"Il bruco (2017)". Foto di Aldo Ettore Quagliozzi

"Il bruco (2017)". Foto di Aldo Ettore Quagliozzi
"Il bruco" (2017). Nikon Coolpix P900. Foto macro. Stato larvale della falena diurna "Macroglossum stellatarum" volgarmente detta "sfinge colibrì".

domenica 13 luglio 2014

Doveravatetutti. 12 “Non meritiamo di essere salvati”.

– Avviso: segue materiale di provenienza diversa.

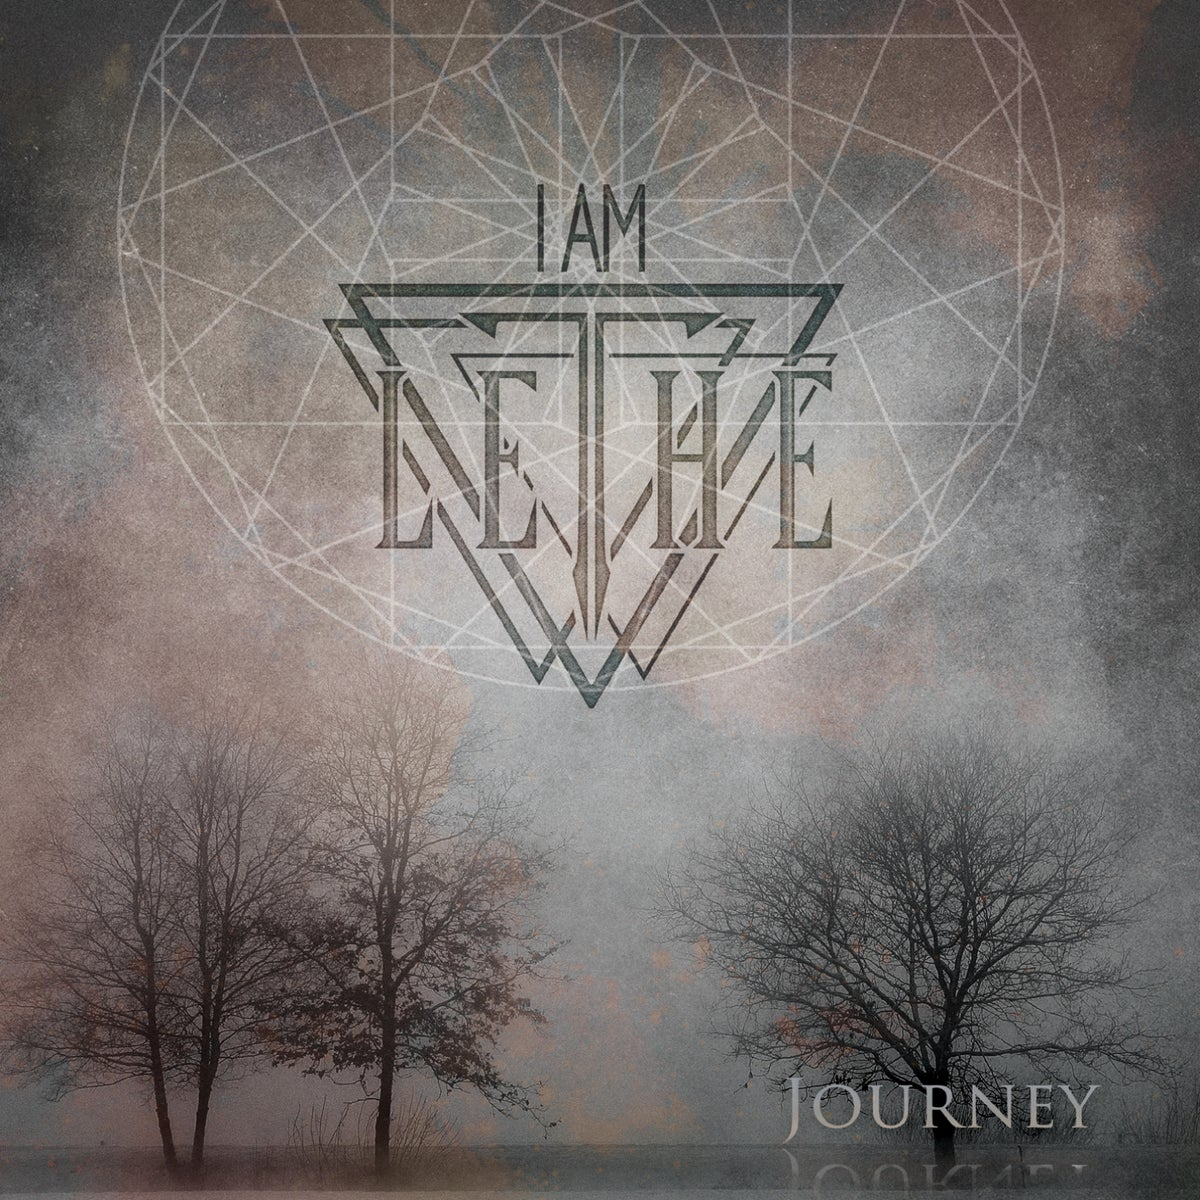 Image of I AM LETHE - Journey
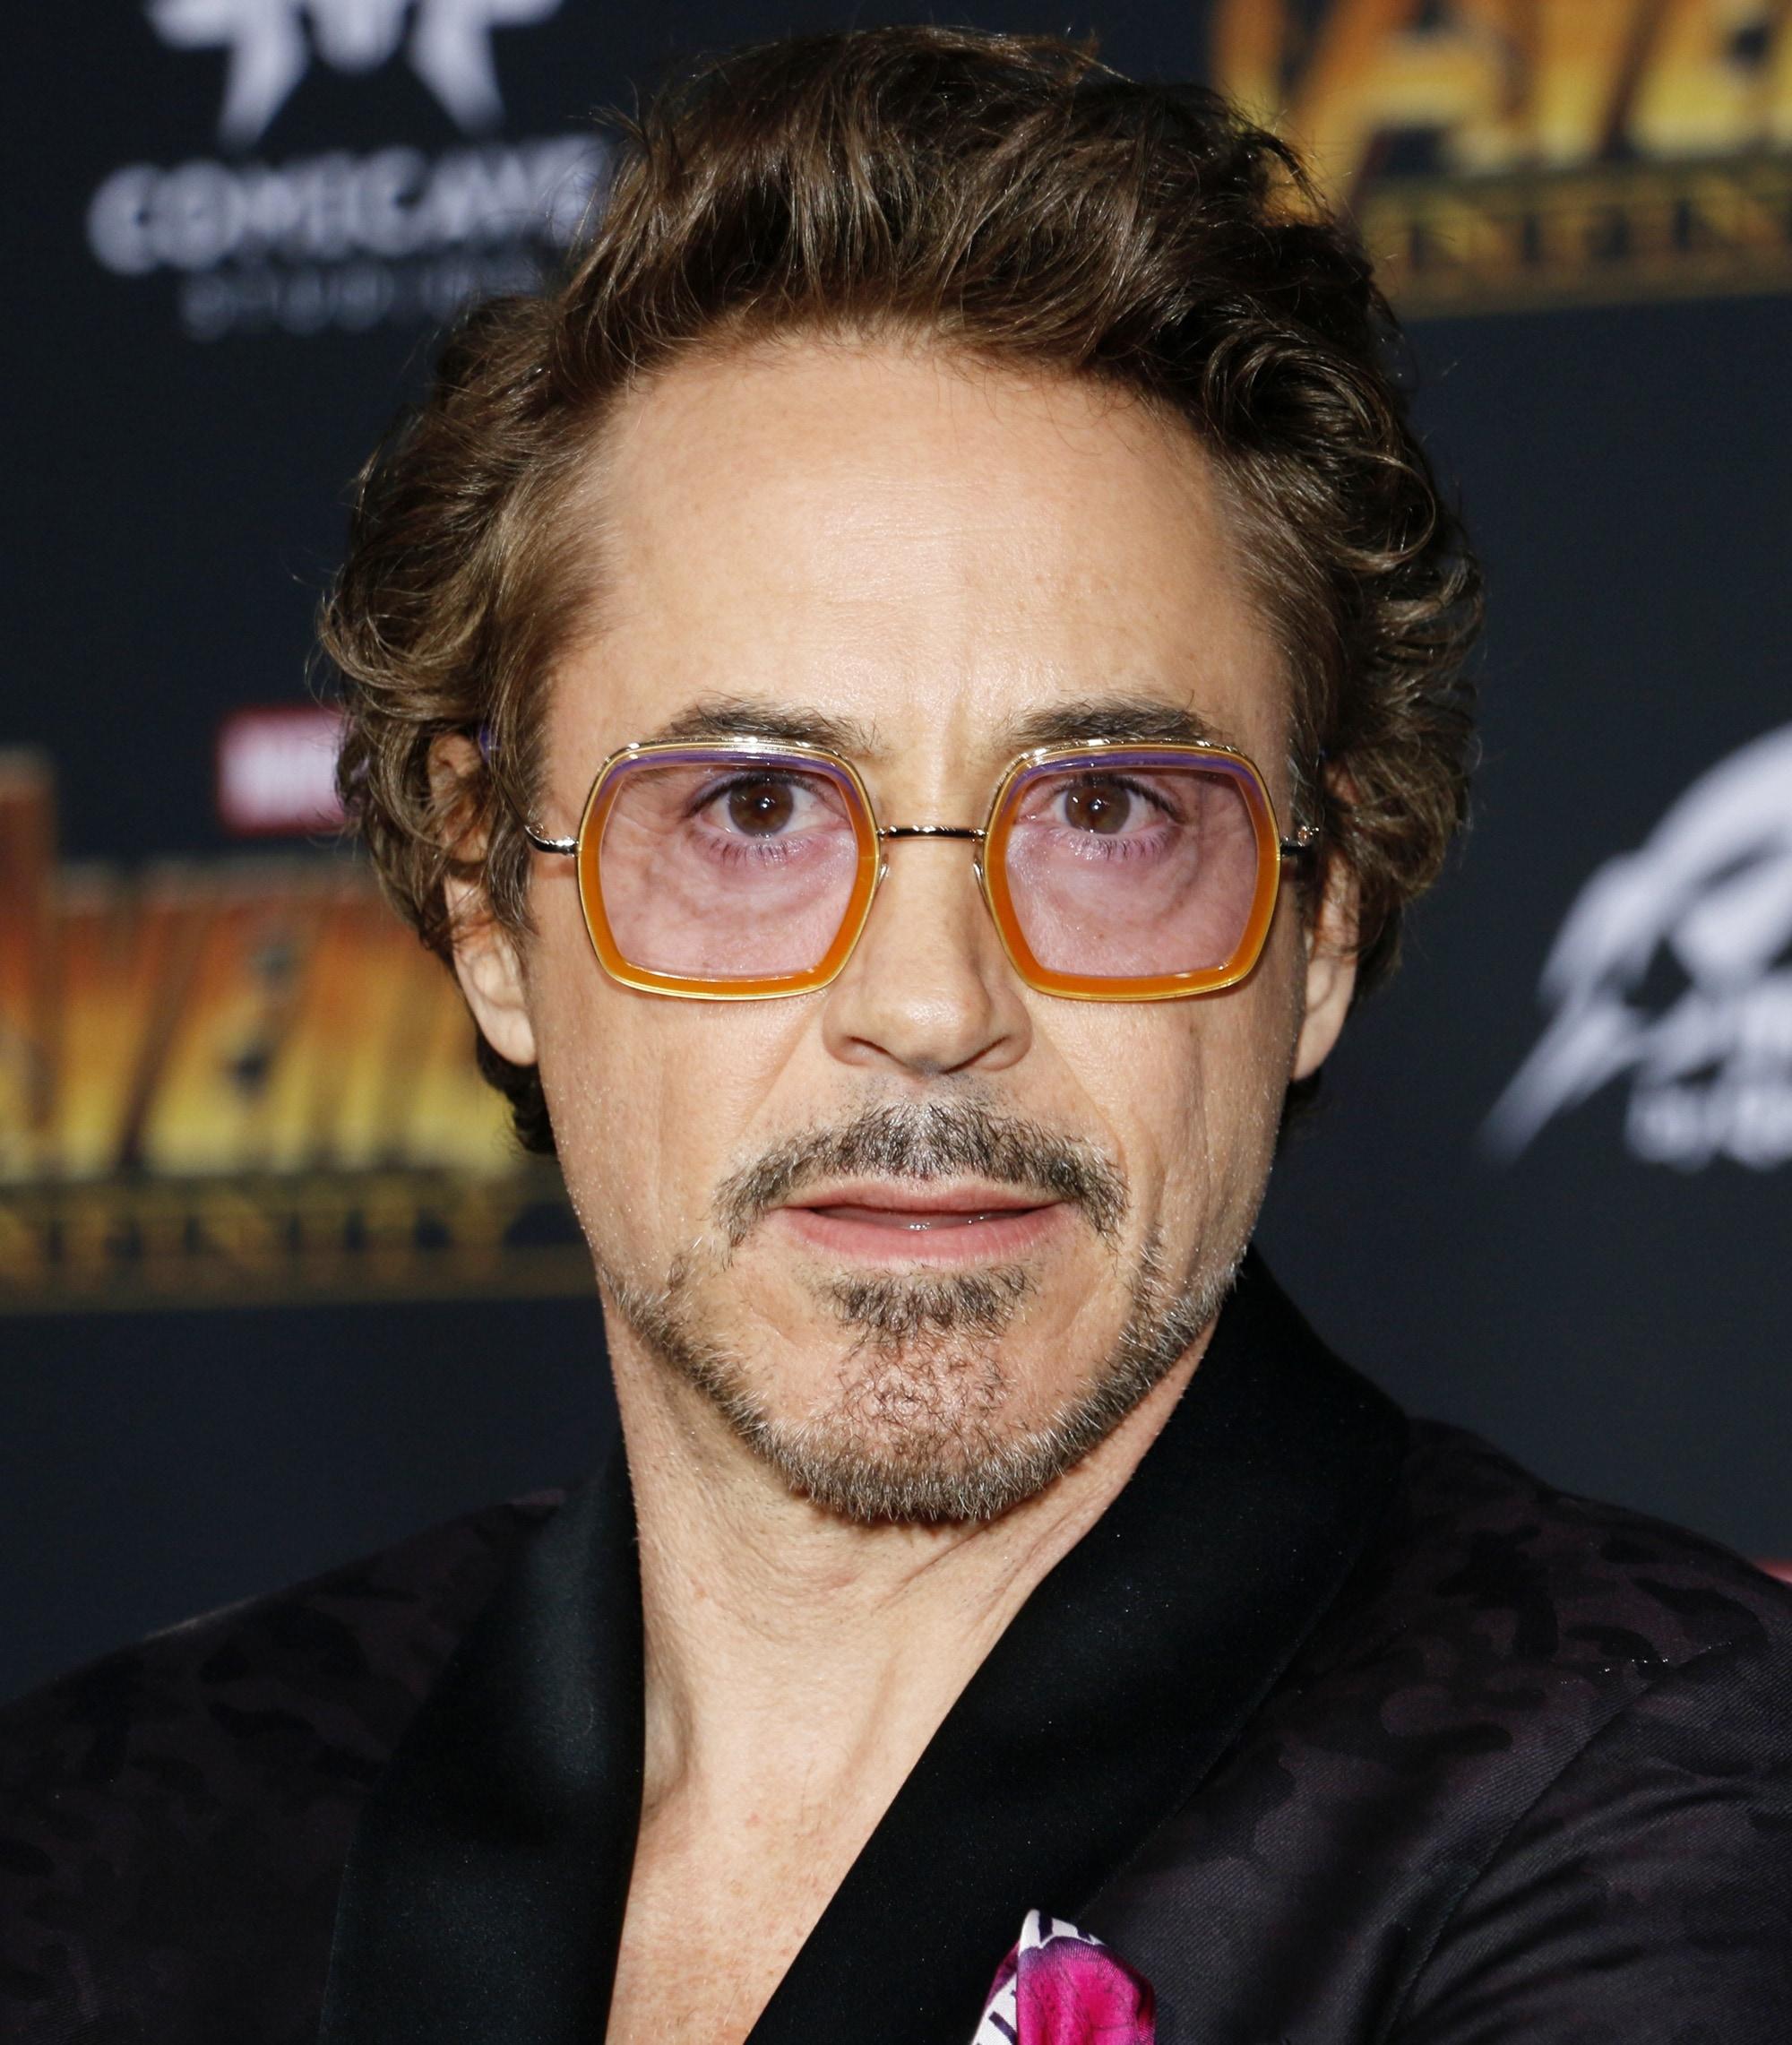 ทรงผม Robert Downey Jr.

“Doveravatetutti” allorquando Massimo Fini scriveva su “il Fatto Quotidiano” del 5 di novembre dell’anno 2011 – “Non meritiamo di essere salvati” -: Berlusconi con le sue promesse e i suoi bluff è riuscito a ingannare gli italiani per 17 anni pur non avendo fatto, (…) nulla di notevole. E per 17 anni gli è andata bene. Adesso, in una situazione di crisi economica drammatica, ha cercato, con la sua ridicola “lettera di intenti”, di ripetere il giochetto con gli europei sperando di farla franca anche con loro. Ma i fatti, in questo caso i mercati, gli han dato la risposta brutale che si meritava e con lui l’Italia che gli ha creduto e anche quella che non gli ha creduto, ma non è stata capace di fermarlo. Berlusconi però non è che la ciliegiona marcia su una torta marcia. Nella crisi attuale, che è planetaria ed è dovuta alla cocciuta cecità delle leadership mondiali che si ostinano a inseguire il mito della crescita quando crescere non si può più, la particolare debolezza dell’Italia è data, com’è noto, dall’enorme debito pubblico. Questo debito è stato accumulato soprattutto negli Ottanta, gli anni della “Milano da bere” (per la verità bevevano solo i socialisti), della triade dei santi e martiri Craxi-Andreotti-Forlani quando, per motivi clientelari, di conquista del consenso si elargivano a pioggia pensioni di vecchiaia fasulle, pensioni di invalidità false, pensioni baby, pensioni d’oro. Inoltre dalla metà degli anni Settanta c’è stata la cassa integrazione a tempo indeterminato, che è la forma che l’assistenzialismo ha assunto al Nord. Quando il mercato tirava l’imprenditore si gonfiava di operai, quando si restringeva li metteva in cassa integrazione, accollandoli alla collettività. Si chiamava “privatizzazione dei profitti e socializzazione delle perdite”. (…). Giuliano Cazzola ha calcolato che la prima Tangentopoli ci è costata 630 mila miliardi di vecchie lire, circa un quarto del debito pubblico. E il calcolo si basa solo sulle sentenze arrivate a giudizio definitivo che rappresentano, come per ogni reato, un decimo degli illeciti commessi. Poteva essere una lezione salutare. E invece nel giro di pochi anni abbiamo visto i giudici diventare veri colpevoli e i ladri le vittime, giudici dei loro giudici. E tutto è continuato peggio di prima. Può un Paese del genere salvarsi? Può darsi. Vi sembra che le cose da quel tempo, che appare remoto assai, abbiano “cambiato verso” per come cicaleccia l’arrembante primo ministro?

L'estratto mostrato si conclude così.